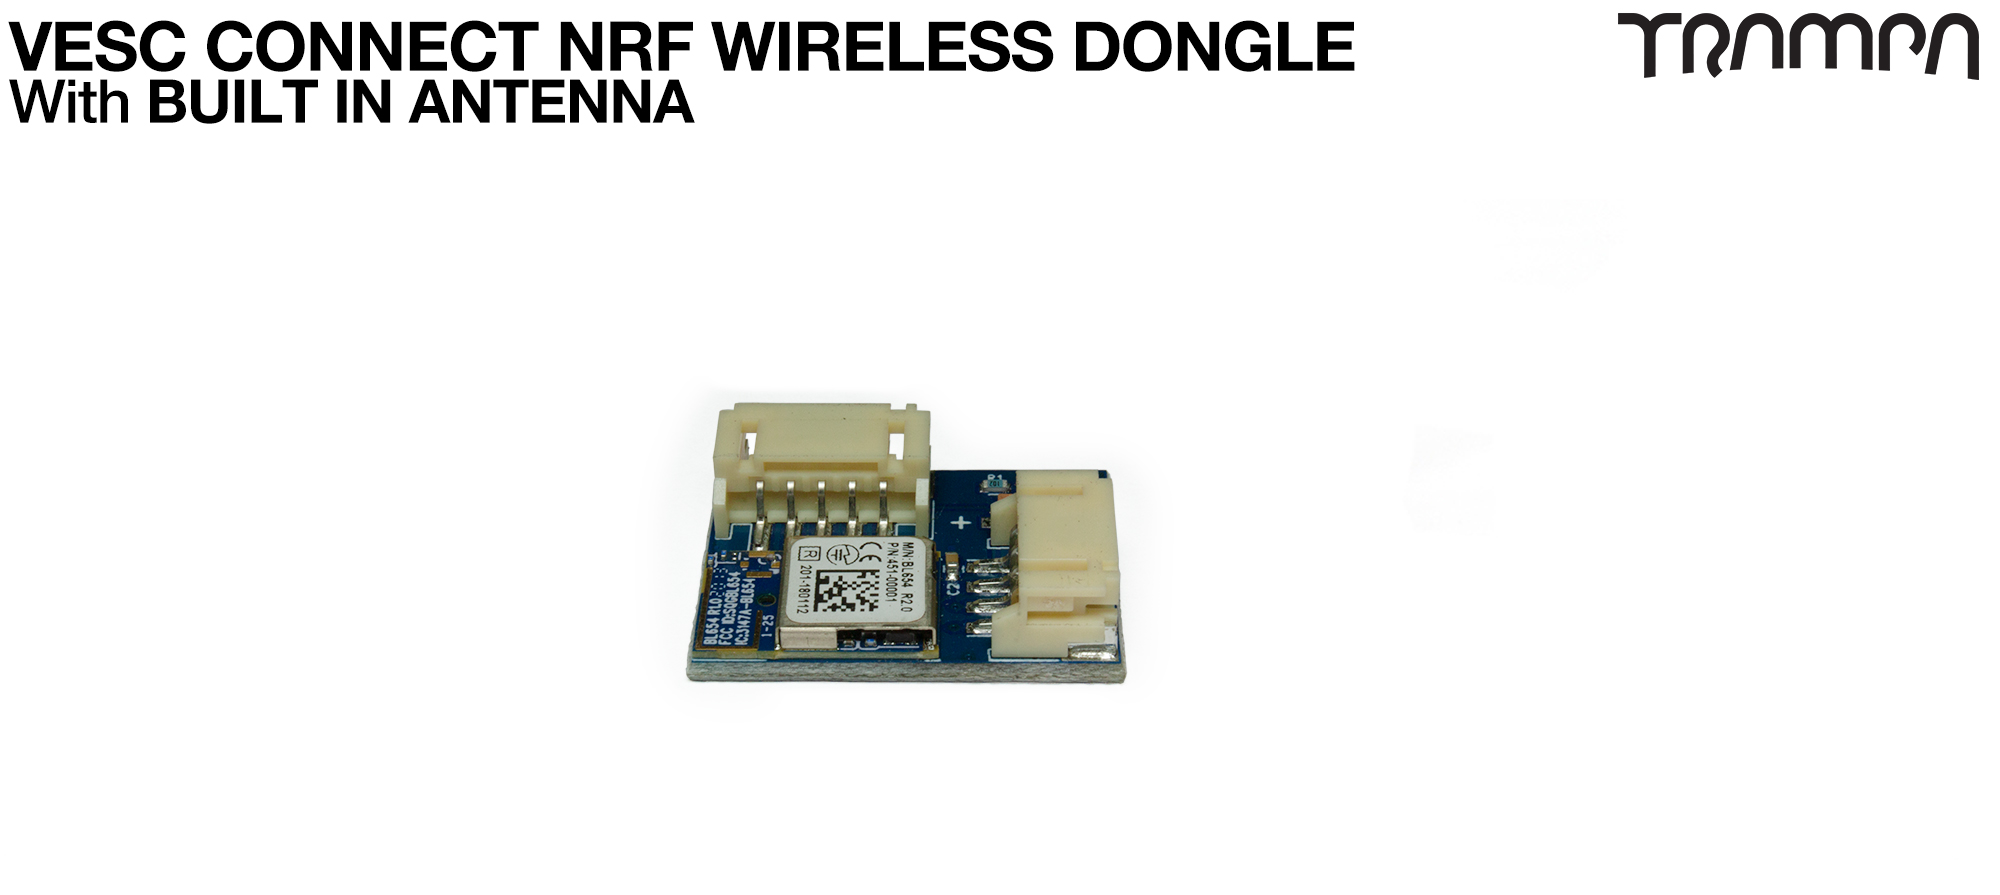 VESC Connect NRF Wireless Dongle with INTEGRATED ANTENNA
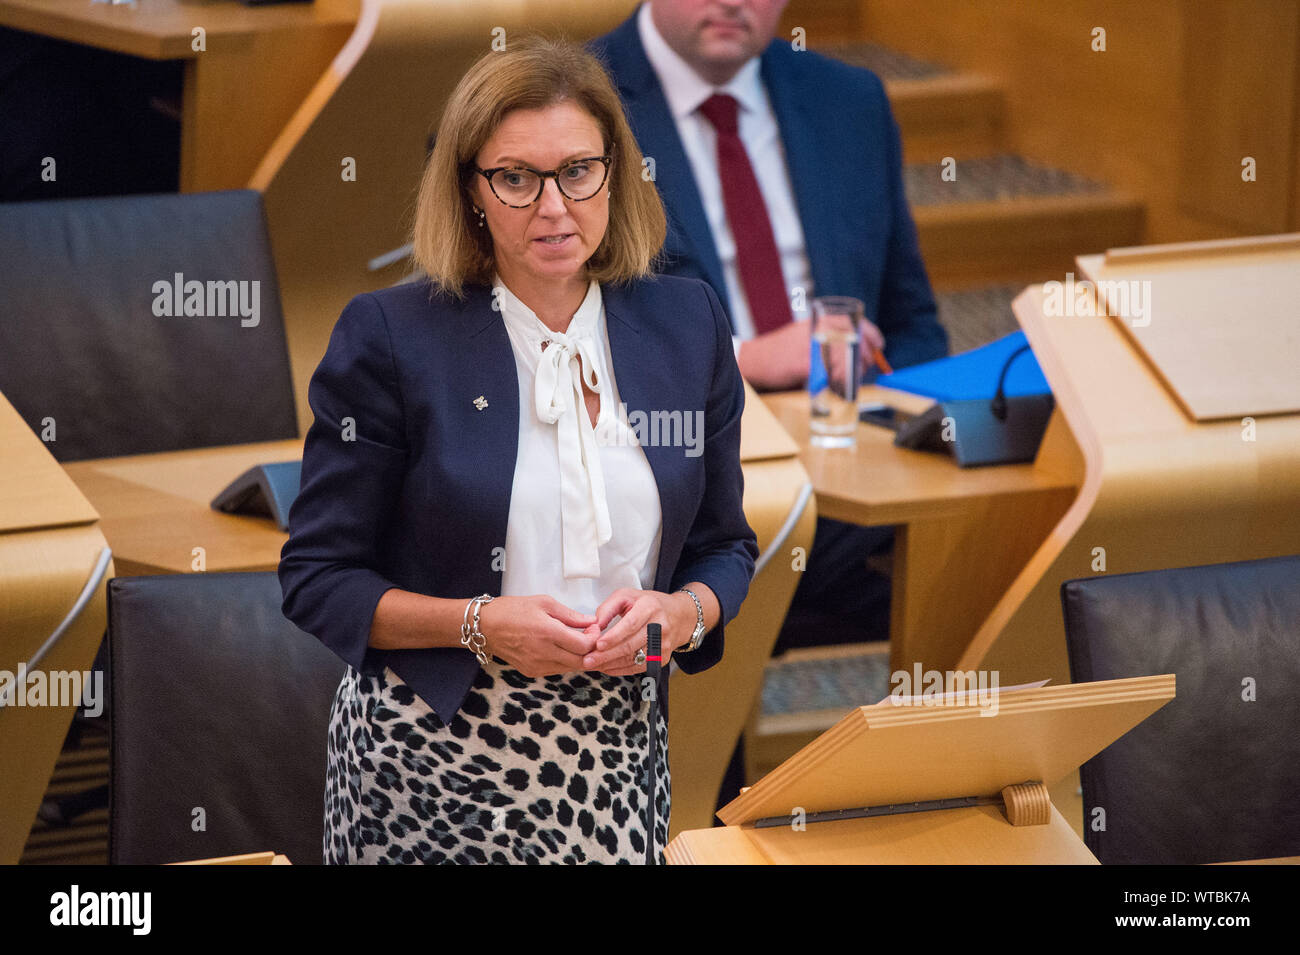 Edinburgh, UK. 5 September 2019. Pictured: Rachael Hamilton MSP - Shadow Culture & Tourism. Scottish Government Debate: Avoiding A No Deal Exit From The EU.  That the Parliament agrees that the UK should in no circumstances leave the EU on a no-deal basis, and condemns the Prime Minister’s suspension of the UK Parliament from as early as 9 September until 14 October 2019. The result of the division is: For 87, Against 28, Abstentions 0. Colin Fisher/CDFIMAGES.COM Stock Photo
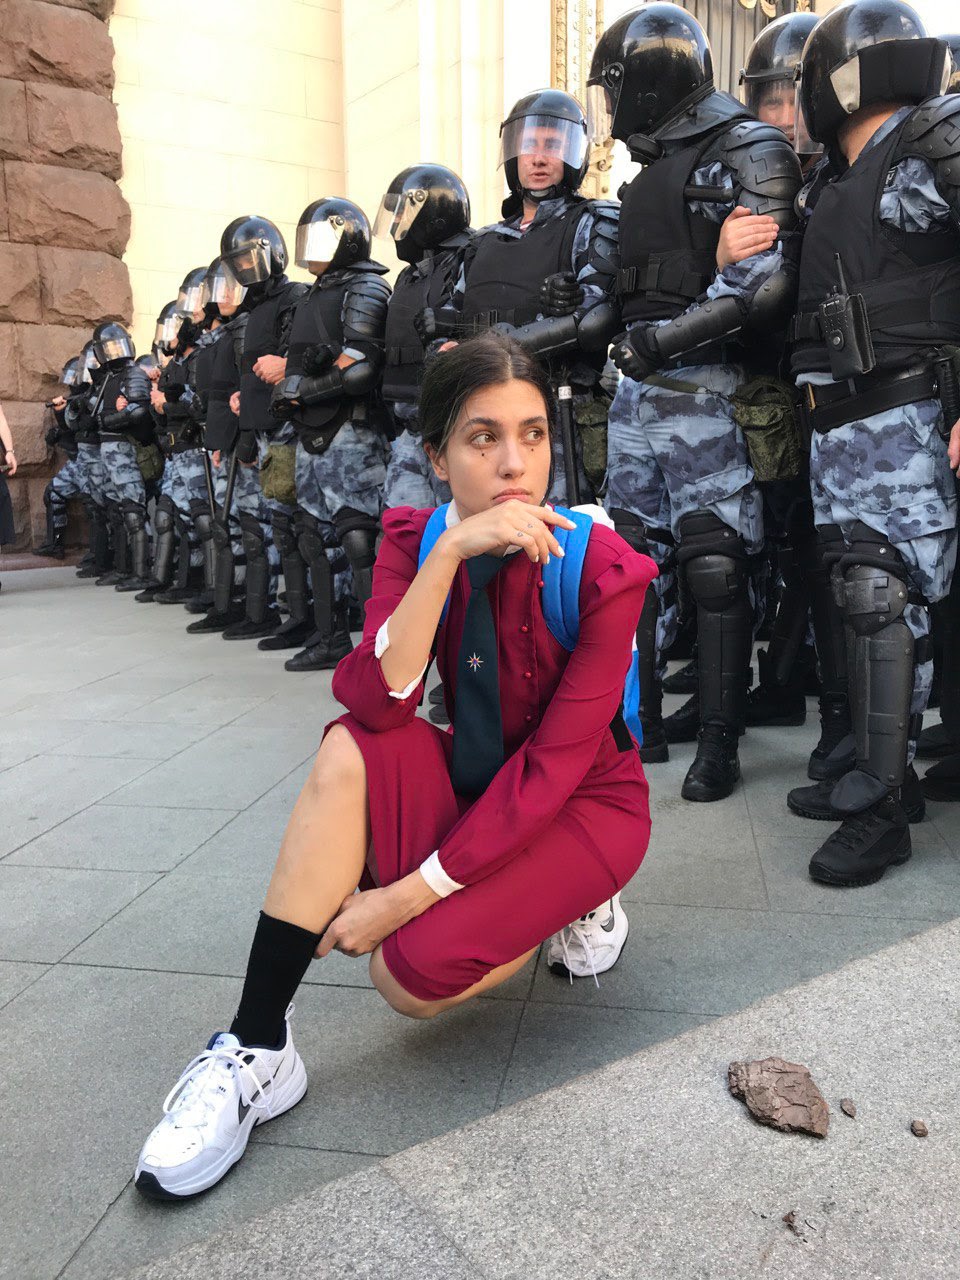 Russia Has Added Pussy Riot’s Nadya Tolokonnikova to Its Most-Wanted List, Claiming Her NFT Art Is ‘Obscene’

───

▸ **What is needed**
Your output should be the lines from the line containing "Edinburgh, UK. 5" through the last line of the listing above, restated exactly, with no pictures among them.

▸ **Result of the task**
 Edinburgh, UK. 5 September 2019. Pictured: Rachael Hamilton MSP - Shadow Culture & Tourism. Scottish Government Debate: Avoiding A No Deal Exit From The EU.  That the Parliament agrees that the UK should in no circumstances leave the EU on a no-deal basis, and condemns the Prime Minister’s suspension of the UK Parliament from as early as 9 September until 14 October 2019. The result of the division is: For 87, Against 28, Abstentions 0. Colin Fisher/CDFIMAGES.COM Stock Photo
 Russia Has Added Pussy Riot’s Nadya Tolokonnikova to Its Most-Wanted List, Claiming Her NFT Art Is ‘Obscene’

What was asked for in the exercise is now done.